The percentage of reads > Q12 was greatest for data recovered from the R9.4 flow cell at 72%, whereas the two R10 flow cells (laptop and Mk1C) were 60 and 61%, respectively (Table 5 and Supplementary Table 7). The mean number of reads generated on the R9.4 flow cell was > 37 K, whereas the R10 flow cells generated between 8.8 and 12.3 K reads. The N50 values observed were larger than all previous MinION data at 15,422 (merged average, Table 5). The highest individual N50 was recovered from the R9.4 flow cell at 22,580 bp (for the R10 laptop the N50 was similar at 22,263 and 20,910 bp using the Mk1C).

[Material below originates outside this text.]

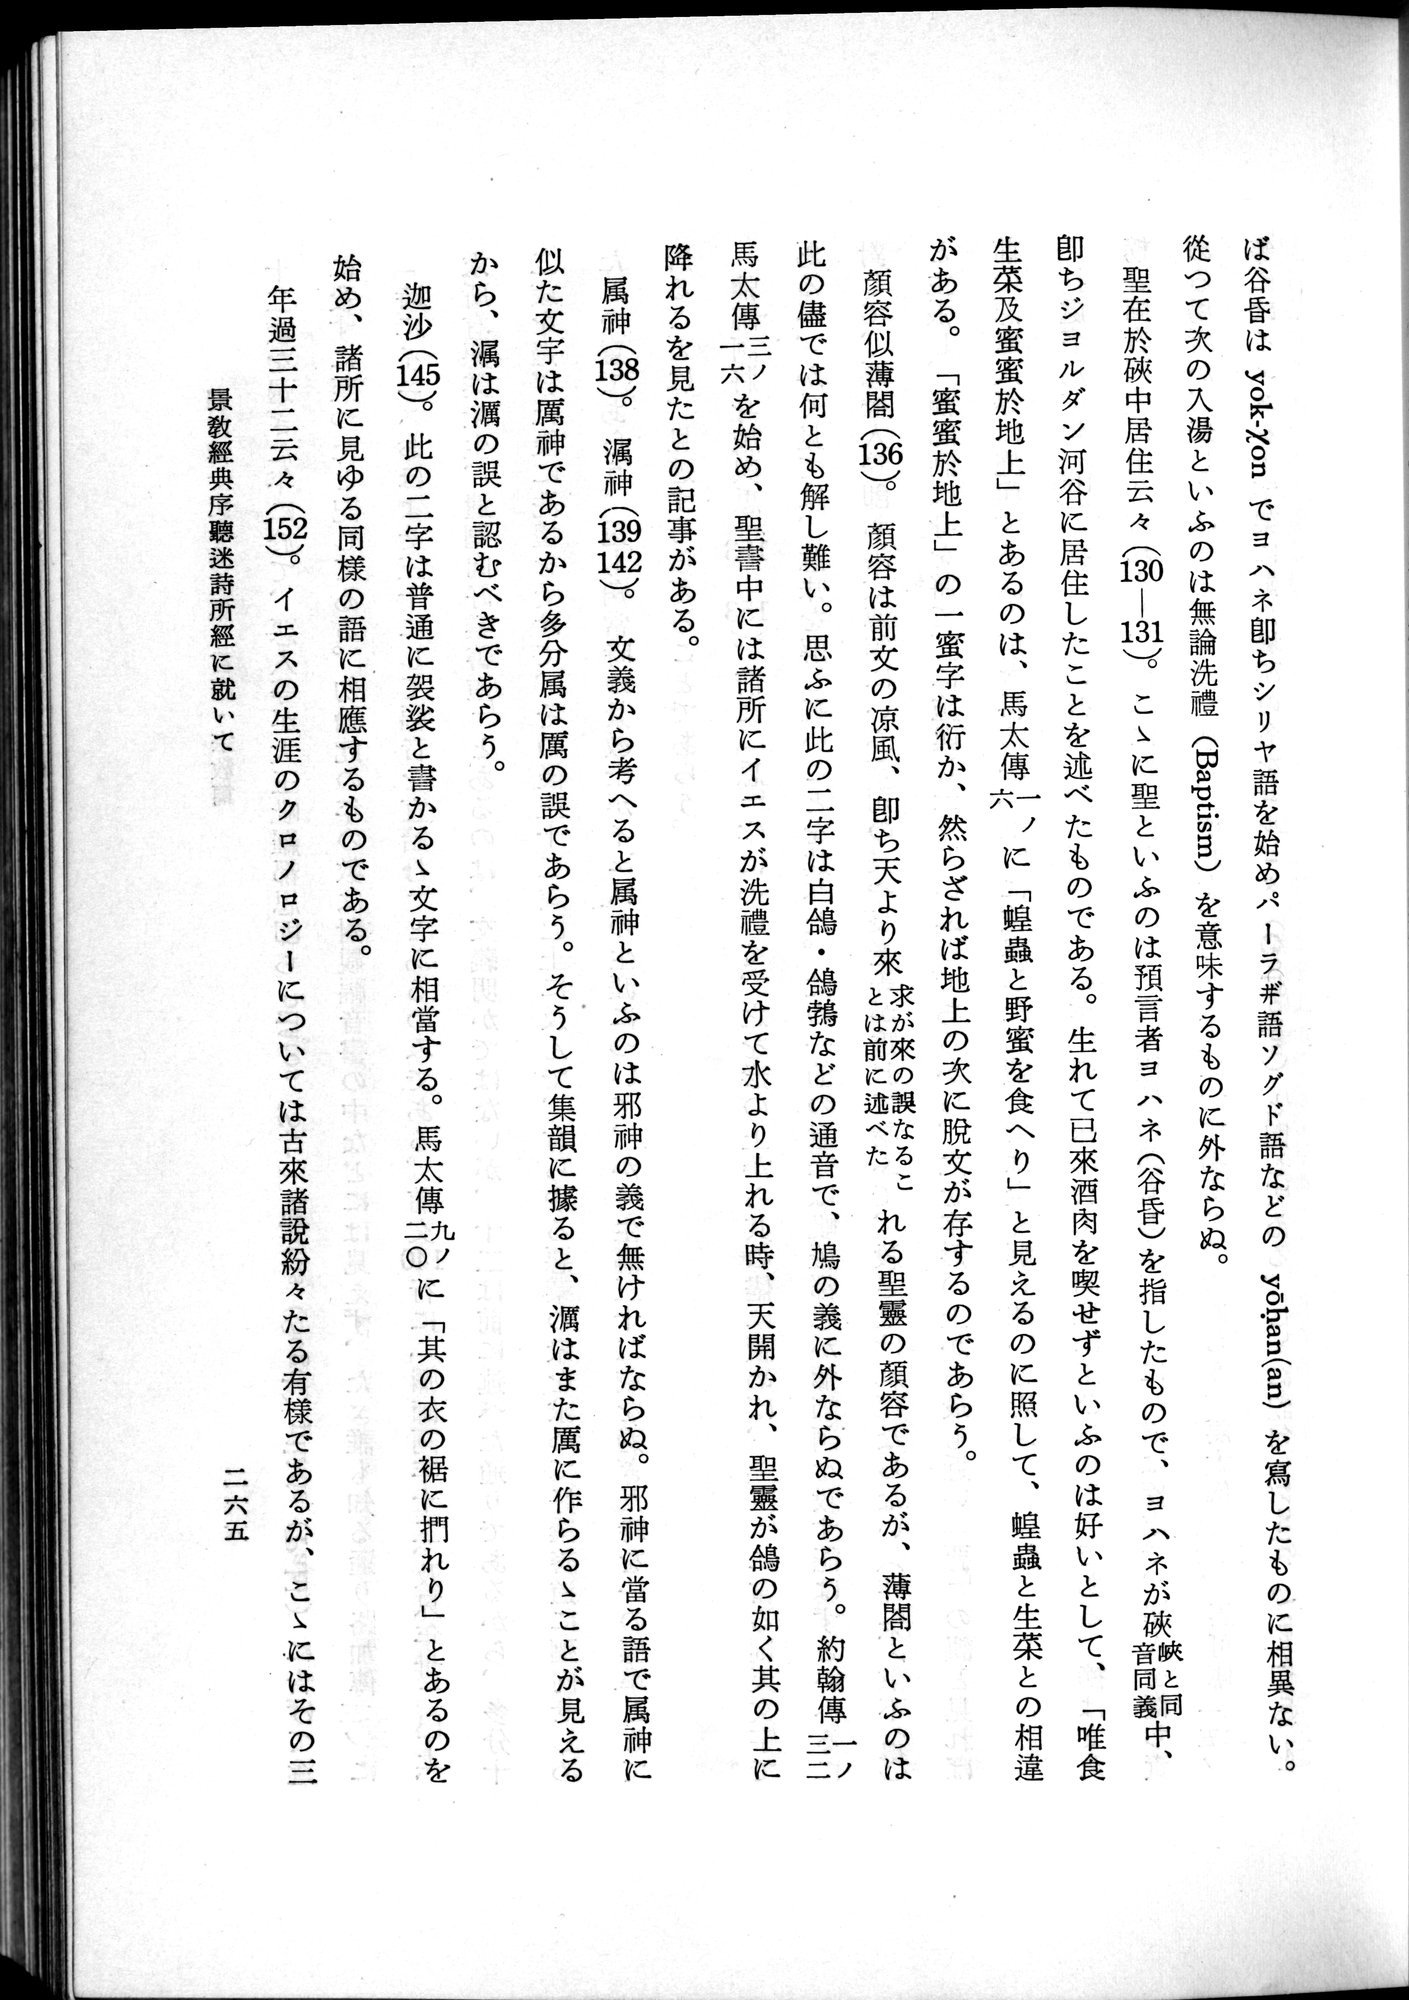 羽田博士史学論文集 : vol.2 / Page 327 (Grayscale High Resolution Image)

Four isolates had an N50 < 10 kb (but greater than 7.5 kb) and these were among the isolates with a gDNA input below the recommended input (between 12.4 and 20 ng/μl).
Table 5. Sequence read metrics comparing the recovery yield, mean read quality (Q score), and N50 averages for n = 53 GNB isolates sequenced on three different flow cells, and instruments.
Oxford Nanopore MinION Sequencing: A Cost Analysis
Experience working in LMICs has shown that non-profit LMIC laboratories can most reliably be supplied by purchasing consumables via our (United Kingdom) laboratories, as LMIC supply chains often yield logistical challenges that mainstream scientific suppliers are averse to. Compounding this, we have also found that suppliers in many LMICs are resellers, which charge very large premiums. For these reasons, our general practice, and resulting pricing, is for procurements via purchasing frameworks accessible to United Kingdom universities and not-for-profit institutions. The total costs generated this way can be seen in Table 6.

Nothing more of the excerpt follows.